Ajouter des conseillers pédagogiques 

Le ministre de l’Éducation promet également d’ajouter des conseillers pédagogiques en français dans tous les centres de services scolaires. Bernard Drainville ne détaille pas combien de ces conseillers seraient ajoutés dans chaque région. En ce moment, le gouvernement peine à trouver des enseignants qualifiés pour enseigner dans les classes. Des postes ouverts au cours des dernières années n’ont pas toujours pas été pourvus.

« C’est un immense défi, […] et le message qu’on envoie aujourd’hui, c’est que l’enseignement et l’apprentissage du français est une priorité pour notre société. On ne peut pas se permettre de regarder les résultats dégringoler. »

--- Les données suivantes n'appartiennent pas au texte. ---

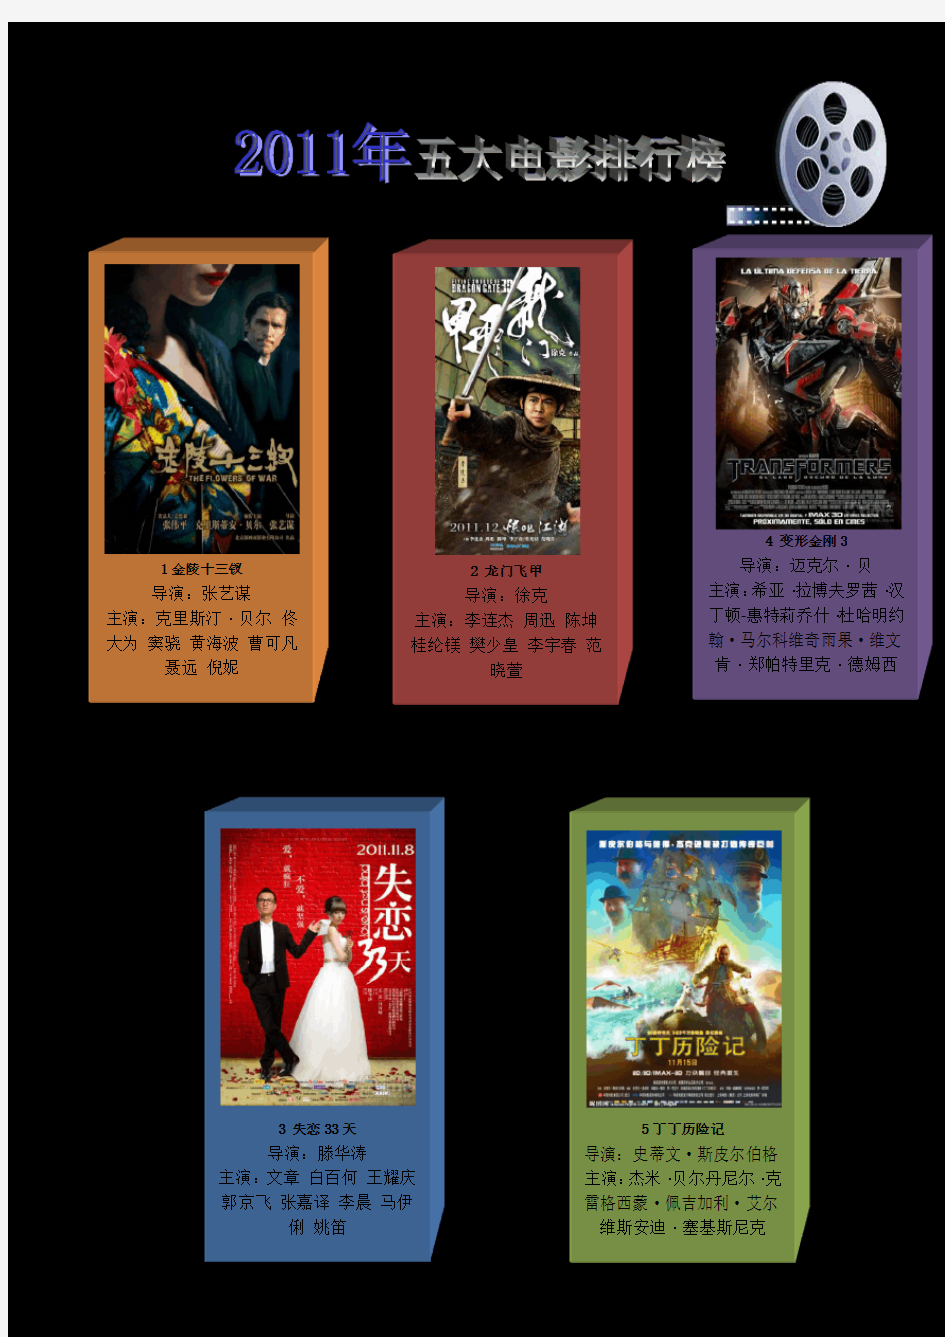 2011年五大电影排行榜

Le ministre de l’Éducation souhaite par ailleurs que le français fasse l’objet d’un suivi de la part de tous les enseignants dans les écoles, y compris à l’extérieur des cours de langue. Il veut également intégrer au programme l’obligation pour les enseignants de présenter des œuvres littéraires, télévisuelles ou cinématographiques québécoises aux élèves afin d’incarner le français dans la culture d’ici.

Un immense chantier salué par les profs

Un « vent de fraîcheur », mais une tâche colossale. Les enseignants accueillent avec enthousiasme la révision du programme d’enseignement du français, mais préviennent déjà le ministre Bernard Drainville qu’il a devant lui un immense chantier pour que sa réforme soit en vigueur dès la rentrée 2025.

La Fédération des syndicats de l’enseignement (FSE-CSQ) souhaite que le gouvernement accorde un temps minimum prescrit pour l’enseignement du français, afin que les écoles qui ont des programmes pédagogiques particuliers ne pigent plus dans ces heures d’enseignement au profit des autres matières. La Fédération autonome de l’enseignement (FAE) salue les consultations menées par Québec et souhaite que le gouvernement se donne tout le temps nécessaire pour ses consultations, alors que 11 niveaux scolaires différents seront touchés par la révision du programme.

L’Association québécoise des professeur.e.s de français (AQPF) estime que le ministre devrait revoir à la baisse le nombre d’étapes dans une année scolaire, pour les faire passer de trois à deux. Cela éviterait que les enfants soient placés en situation d’évaluation trop rapidement ou que trop de temps soit accordé à la préparation aux examens, plutôt qu’à l’enseignement.